In a list, adding or removing is considered as a modification. In your case you have made
5 modifications(additions).
‘for each’ loop works as follows,
1.It gets the iterator.
2.Checks for hasNext().
public boolean hasNext()
{
return cursor != size(); // cursor is zero initially.
}
3.If true, gets the next element using next().
public E next()
{
checkForComodification();
try {
E next = get(cursor);
lastRet = cursor++;
return next;
} catch (IndexOutOfBoundsException e) {
checkForComodification();
throw new NoSuchElementException();
}
}
final void checkForComodification()
{
// Initially modCount = expectedModCount (our case 5)
if (modCount != expectedModCount)
throw new ConcurrentModificationException();
}
Repeats steps 2 and 3 till hasNext() returns false.
In case if we remove an element from the list , it’s size gets reduced and modCount is increased.
If we remove an element while iterating, modCount != expectedModCount get satisfied
and ConcurrentModificationException is thrown.

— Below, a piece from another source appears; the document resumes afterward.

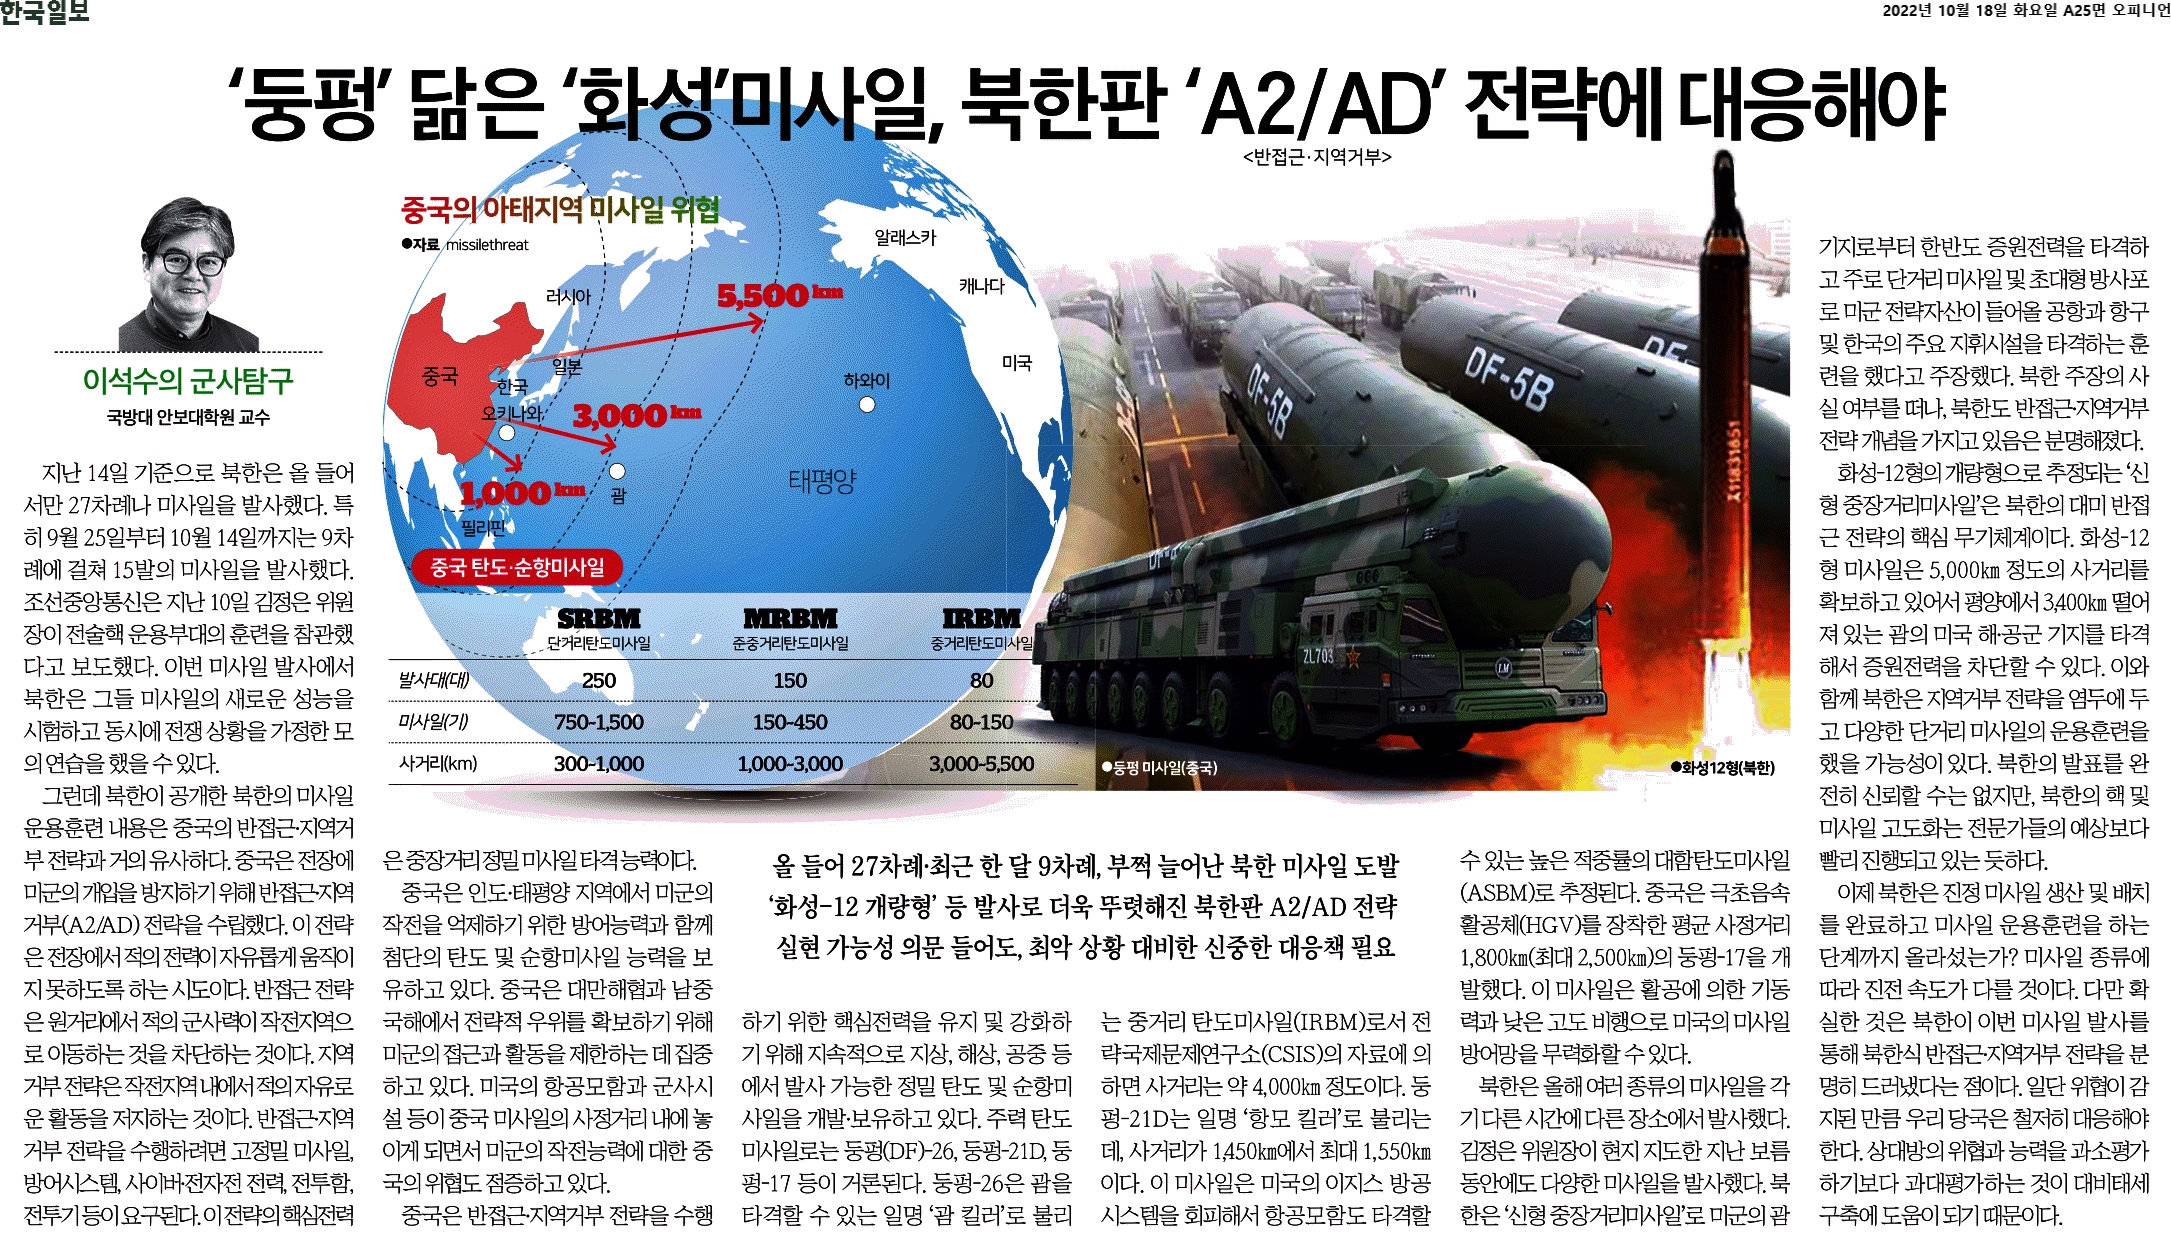 ‘둥펑’ 닮은 ‘화성’미사일, 북한판 ‘ A2AD’ 전략에 대응해야

But removal of second last object is weird. Lets see how it works in your case.
Initially,
cursor = 0 size = 5 --> hasNext() succeeds and next() also succeeds
without exception.
cursor = 1 size = 5 --> hasNext() succeeds and next() also succeeds
without exception.
cursor = 2 size = 5 --> hasNext() succeeds and next() also succeeds
without exception.
cursor = 3 size = 5 --> hasNext() succeeds and next() also succeeds
without exception.
In your case as you remove ‘d’ , size gets reduced to 4.
cursor = 4 size = 4 --> hasNext() does not succeed and next() is
skipped.
In other cases, ConcurrentModificationException will be thrown as modCount != expectedModCount.
In this case, this check does not take place.
If you try to print your element while iterating, only four entries will be printed. Last element is skipped.
Hope I made clear.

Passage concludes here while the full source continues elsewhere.